SECURITIES AND EXCHANGE COMMISSION
Washington, D.C. 20549
PURSUANT TO SECTION 13 OR 15(d) OF THE
SECURITIES EXCHANGE ACT OF 1934
Date of report (Date of earliest event reported): September 17, 2012
Barclay Road, Inc.
(Exact Name of Registrant as Specified in its Charter)
112 ½ Sevier Court, Barbourville, Kentucky 40906
(Address of principal executive office, including zip code)
(Registrant’s telephone number, including area code)
(Former name, former address and former fiscal year, if changed since last report)
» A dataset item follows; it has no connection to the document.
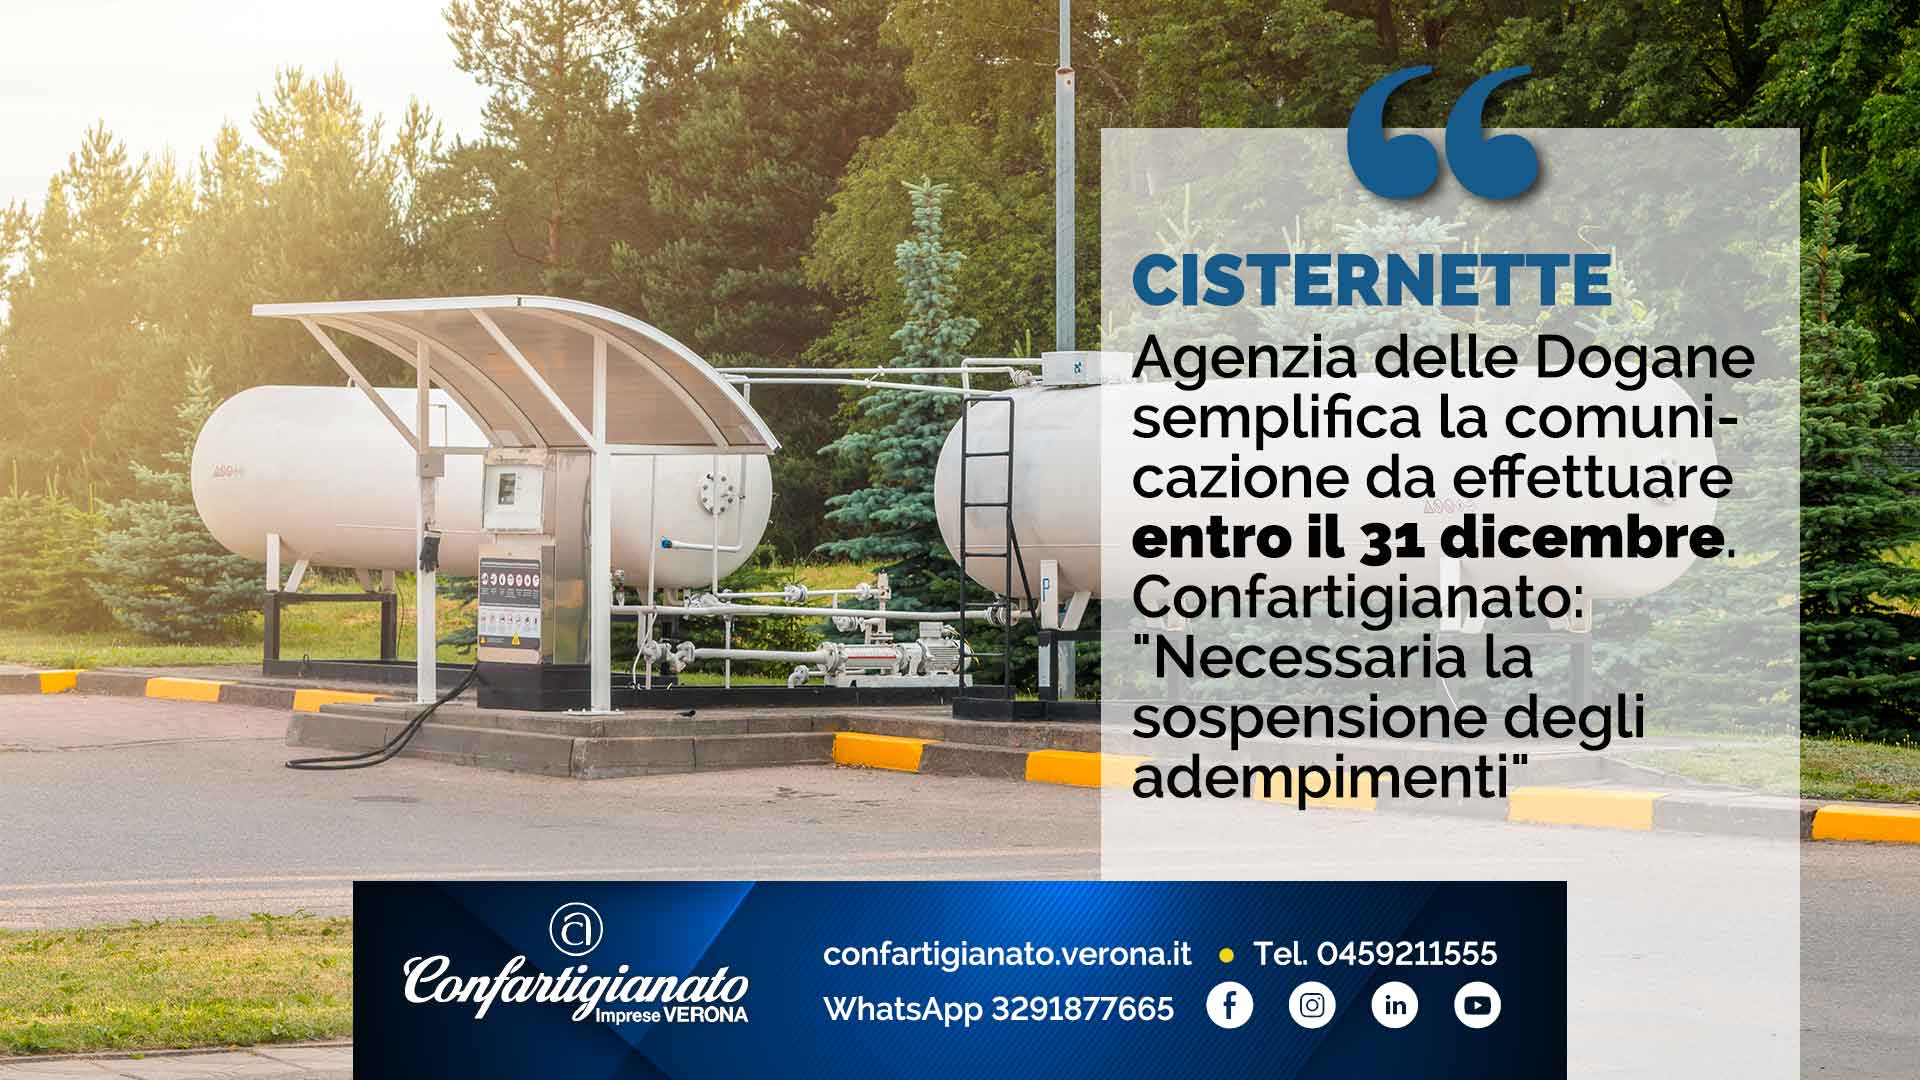 CISTERNETTE - Agenzia Dogane semplifica la comunicazione da effettuare entro il 31 dicembre. Confartigianato: "Necessaria sospensione adempimenti"

Check the appropriate box below if the Form 8-K filing is intended to simultaneously satisfy the filing obligation of the registrant under any of the following provisions:
o Written communications pursuant to Rule 425 under the Securities Act (17 CFR 230.425)
o Soliciting material pursuant to Rule 14a-12 under the Exchange Act (17 CFR 240.14a-12)
o Pre-commencement communications pursuant to Rule 14d-2(b) under the Exchange Act (17 CFR 240.14d-2(b))
o Pre-commencement communications pursuant to Rule 13e-4(c) under the Exchange Act (17 CFR 240.13e-4(c))
Item 1.01. Entry into a Material Definitive Agreement.
On September 17, 2012, Barclay Road, Inc. (the “Company”, “we” or “us”) received delivery of a fully-executed Subcontract Agreement, dated as of August 2, 2012 (the “Agreement”), by and between Odebrecht – CFE Joint Venture (the “Contractor”) and the Company. The Agreement is entered into pursuant to a prime contract between Broward County, Florida, and the Contractor for the construction and completion of the site preparation and NAVAIDS Infrastructure at the Fort Lauderdale-Hollywood International Airport in Broward County (“FLL Airport”).
Under the Agreement, the Company has contracted to haul 1,800,000 tons of fill rock from one or more designated quarries in Medley or Pompano Beach, Florida, to FLL Airport, for a total contract price of $7,740,000. If requested by the Contractor, we have agreed to backhaul material and perform miscellaneous hauling at separate negotiated rates per load or hour. In lieu of a performance bond, the Agreement provides for retainage from each payment made to us by the Contractor, up to a maximum retainage of $200,000.
A minimum of 30 trucks is required for our performance of the Agreement over an estimated term of ten months. We have commenced operations under the Agreement utilizing eight leased trucks.
Under the Agreement, we will operate as a truckload contract carrier for the term of the Agreement. We may also in the future negotiate to ship other commodities or freight for other customers over various distances on a regional basis. As a contract carrier, our hauling operations rates are specified under the Agreement, but could be negotiated with other shippers, where they would be dependent upon competition, place of origin and destination, and the type of commodity being hauled.
We have initially contracted for and leased eight trucks for our operations, and we will be required to obtain additional trucks to perform our trucking services under the Agreement. We are seeking equipment financing and intend to own and operate these additional trucks when purchased.
The Company intends to expand its reach of operations beyond the scope of the Agreement. The Company intends to bid for current, upcoming and future work in the region. When possible, the Company intends to expand its equipment inventory through structured equipment lease agreements to allow the Company to take advantage of growth opportunities without incurring the costs of acquiring equipment.
Changes in Our Officers and Our Board of Directors
On September 17, 2012, Eduardo Valero Erana resigned as a director, and on September 26, 2012 the Board of Directors (the sole remaining member of which was Mr. Walter Powell) appointed Mr. Claude Wilkerson Renfro as a director to fill a vacancy on the Board and as Secretary of the Company.
Claude Wilkerson Renfro, Secretary and Director
Claude Wilkerson Renfro, age 47, is a 1986 graduate of Transylvania University, Lexington, Kentucky. For the last 25 years Mr. Renfro has been involved in the coal mining and construction industries in the southeastern United States. He has served in the capacity of owner / operator of numerous coal related mining and development ventures. In 1992, Mr. Renfro served as the construction manager on a $21 million disaster remediation contract in Homestead, Florida as a result of Hurricane Andrew. Mr. Renfro currently serves as President of Renfro Processing, a 36 year old family business involved primarily in commercial real estate.
Pursuant to the requirements of the Securities Exchange Act of 1934, the registrant has duly caused this report to be signed on its behalf by the undersigned thereunto duly authorized.